The amount of securities out on loan can be very significant, so I agree that's a real concern. I pulled the figures from iShares audited financial statements

http://canadianmoneyforum.com/showthread.php/98145-Securities-lending-amounts-in-ETFs

XSB and XIN both have 20% (one fifth!) of the fund assets out on loan. I really think that's dishonest to the investor. You buy these funds expecting to hold certain stocks, and in reality you are only holding 80% of them, with another 20% of your holdings being collateral with the pledge to repay your original securities at market value.

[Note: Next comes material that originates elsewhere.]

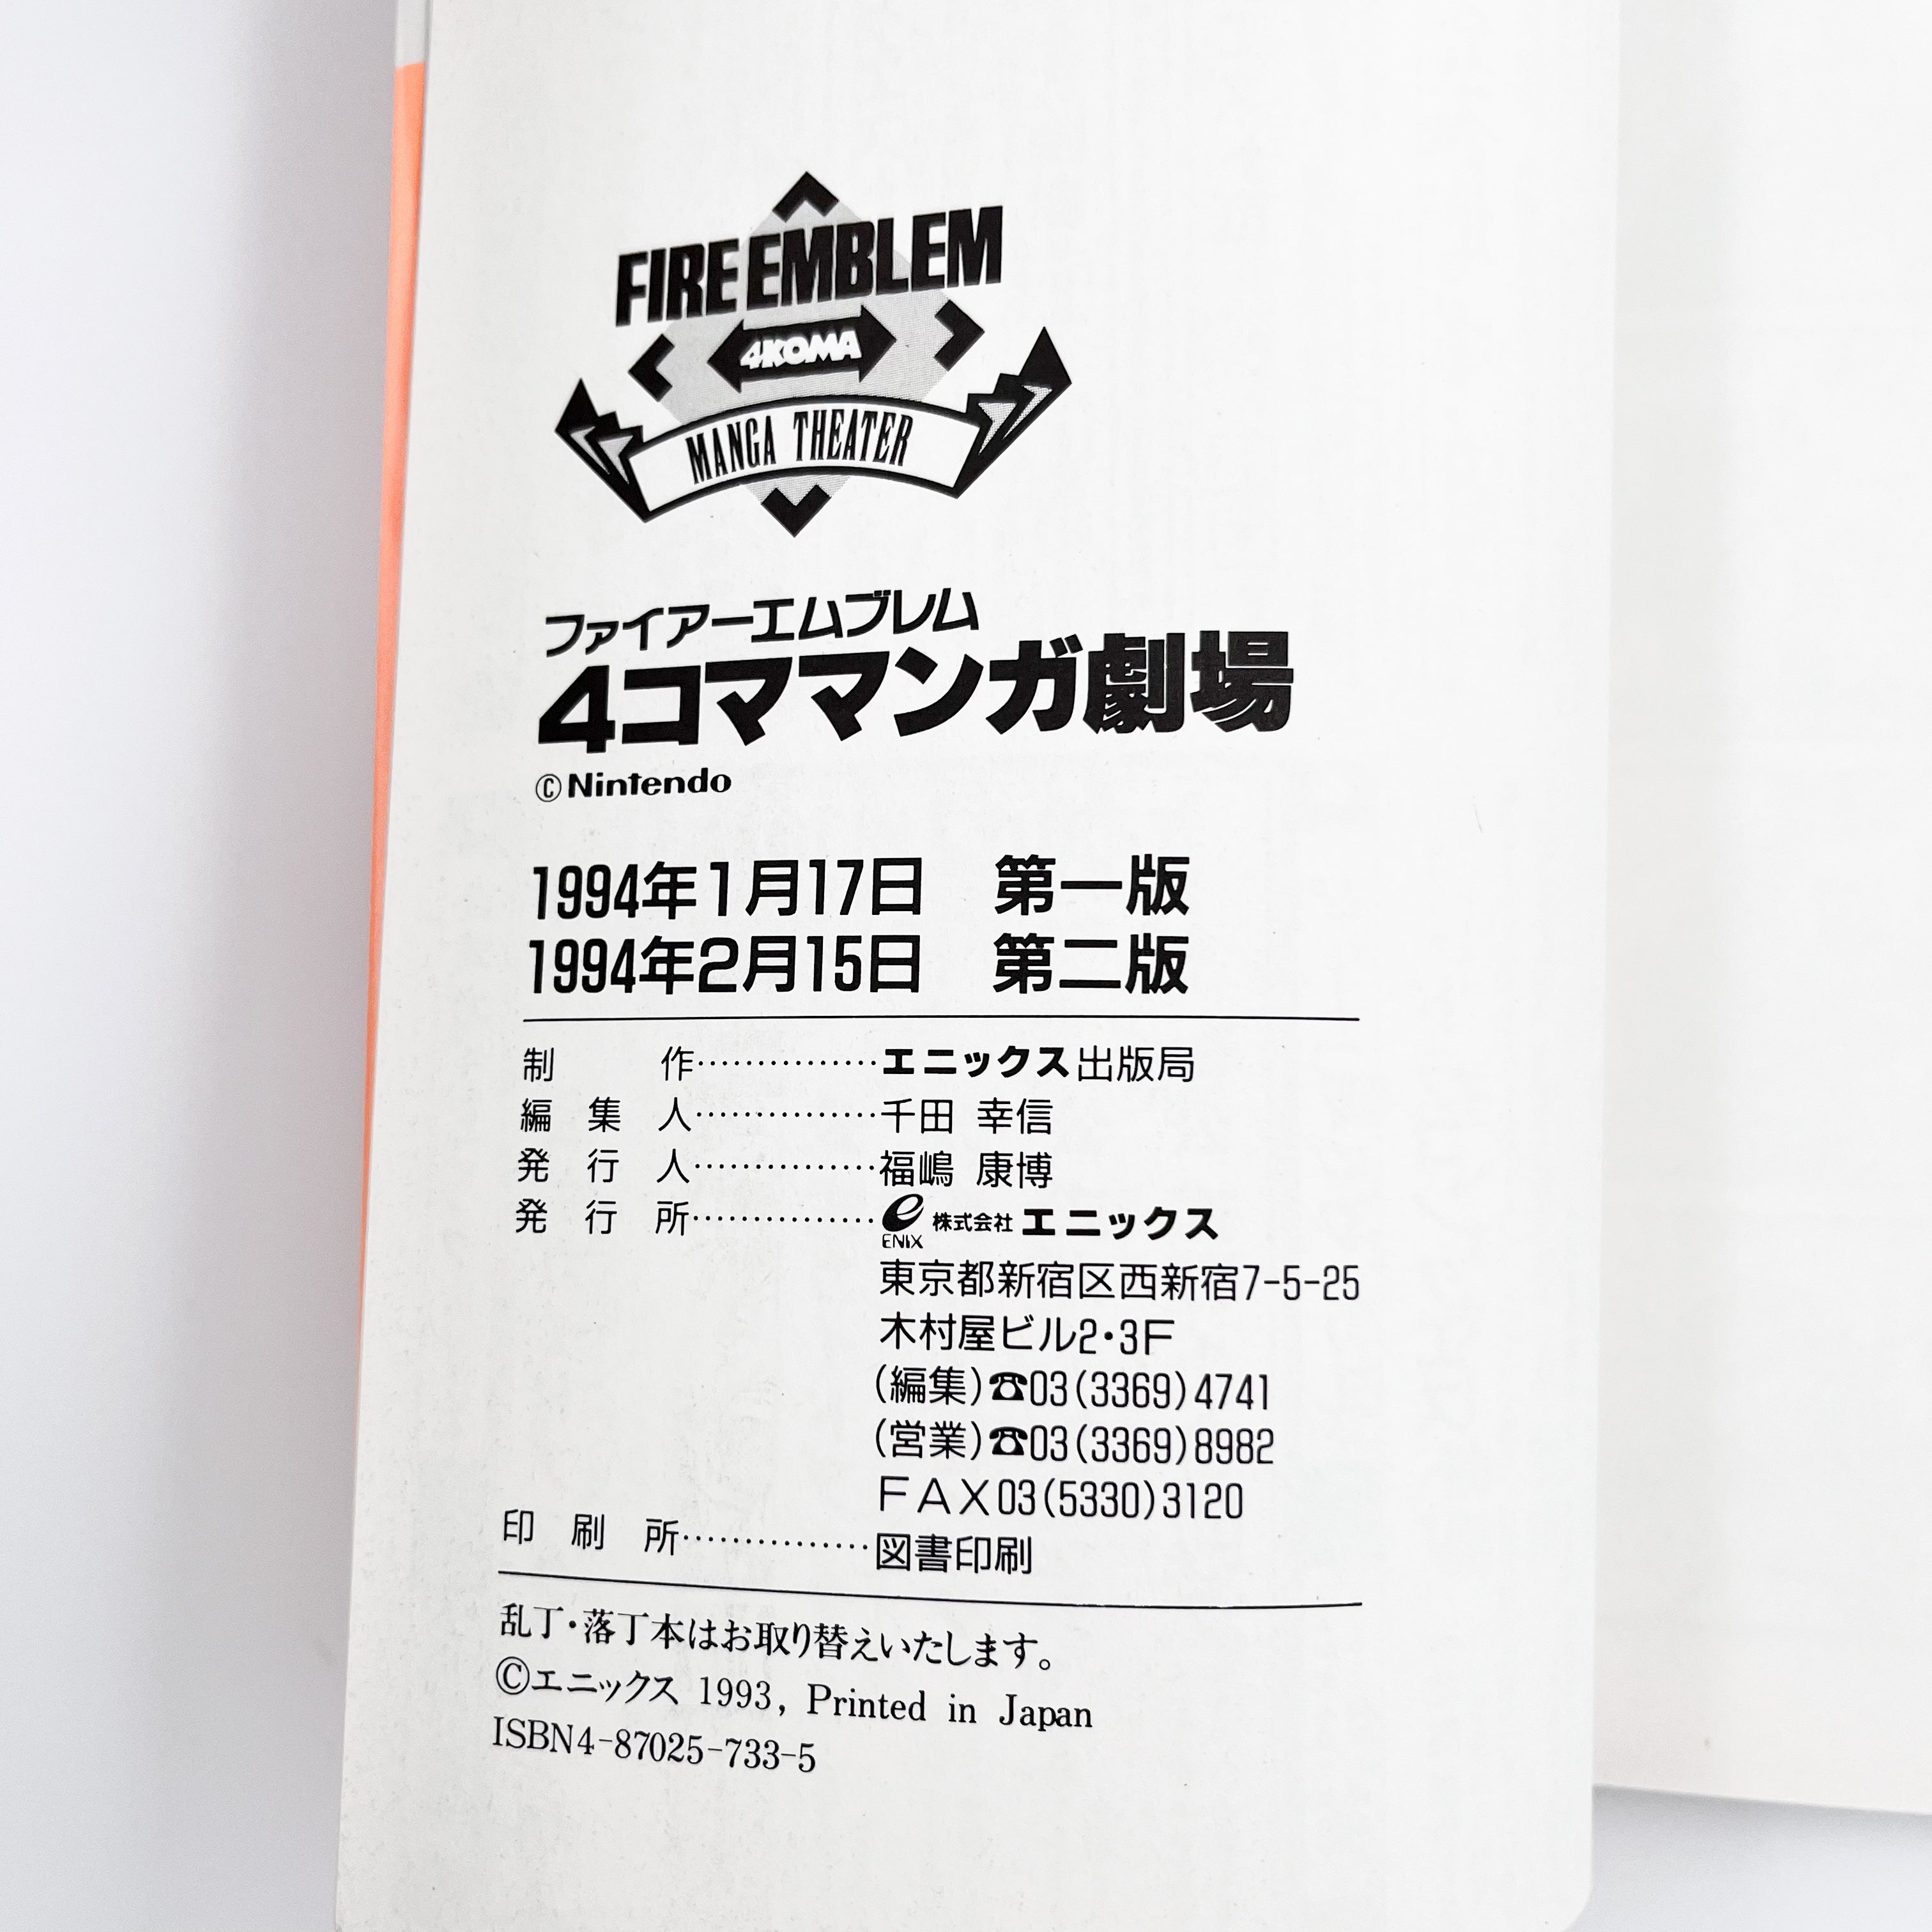 Fire Emblem 4koma Manga Theater Information

Mind you, the brokerages where you keep "individual stocks" might also be lending those shares out. None of this matters unless the brokerage collapses, but still, I think investors should be aware that the shares that are listed in their brokerage account may not actually exist at the brokerage.


----------



## mordko (Jan 23, 2016)

We've been through this. There is nothing particularly dishonest in the practice because it's all declared. If you are concerned with the practice - don't buy XSB or XIN. Buy individual securities/bonds. Or buy VTI, which lends very little.


----------



## TomB19 (Sep 24, 2015)

> Hi Tom,
> 
> We received your email regarding the process of becoming an authorized participant (AP). Would be happy to help in any way possible. As for the process of becoming an AP, it requires an underwriting agreement with us, that you are a participant of CDS and must complete BlackRock RQA testing (typically requires semi-annual financial statements).
> 
> ...


----------



## TomB19 (Sep 24, 2015)

humble_pie said:


> ... i distinctly recall yourself freely admitting - to haroldCrump & myself - in a discussion of this same issue a couple years ago, that ETFs do lend securities to hedge funds in return for the fees that sustain their true MERs, which in reality are far higher than the laughable .05-.15% they frequently sell to their investors.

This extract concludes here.